Critical differences:

  • Hybrid environment: attributes synchronized from on-premises AD must be edited in local AD, not in the Azure portal. Direct edits will be overwritten.
  • Dynamic groups depend on attribute quality. Inconsistent data generates incorrect associations.
  • Pause vs. Convert: pausing a dynamic group preserves current members; converting from Dynamic to Assigned also preserves. Converting from Assigned to Dynamic deletes all members.
  • "Member" as userType (internal vs. guest) is different from "Member" as group role (access vs. ownership).
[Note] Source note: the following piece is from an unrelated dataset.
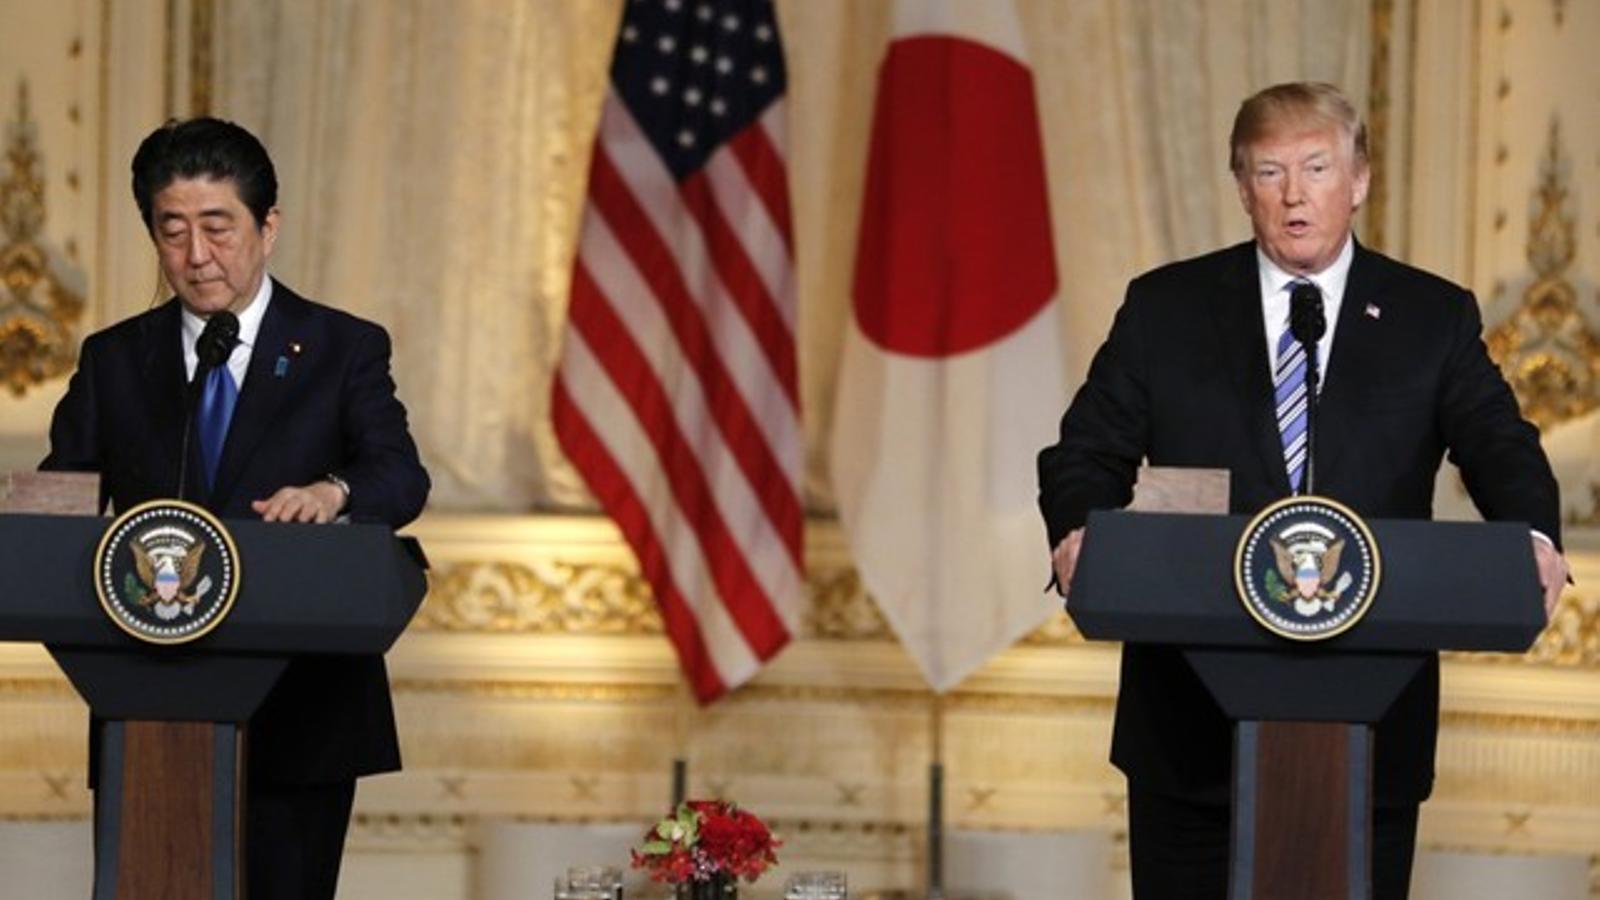 El president dels EUA, Donald Trump, i el primer ministre del Japó, Shinzo Abe, després de la seva cimera de dos dies a Miami.

What needs to be remembered:

  • Always validate dynamic rules before applying in production, using the portal's validation tool.
  • Define at least two owners per group to avoid orphaned groups.
  • Fill usageLocation and organizational attributes at user creation time.
  • In scripts and integrations, always use Object ID as reference to user or group, never UPN or Display Name.
  • Changes to dynamic groups can take hours to propagate in large tenants. Plan adequate change windows.
  • Check the Audit Log to track who changed what and when, especially before investigating access problems.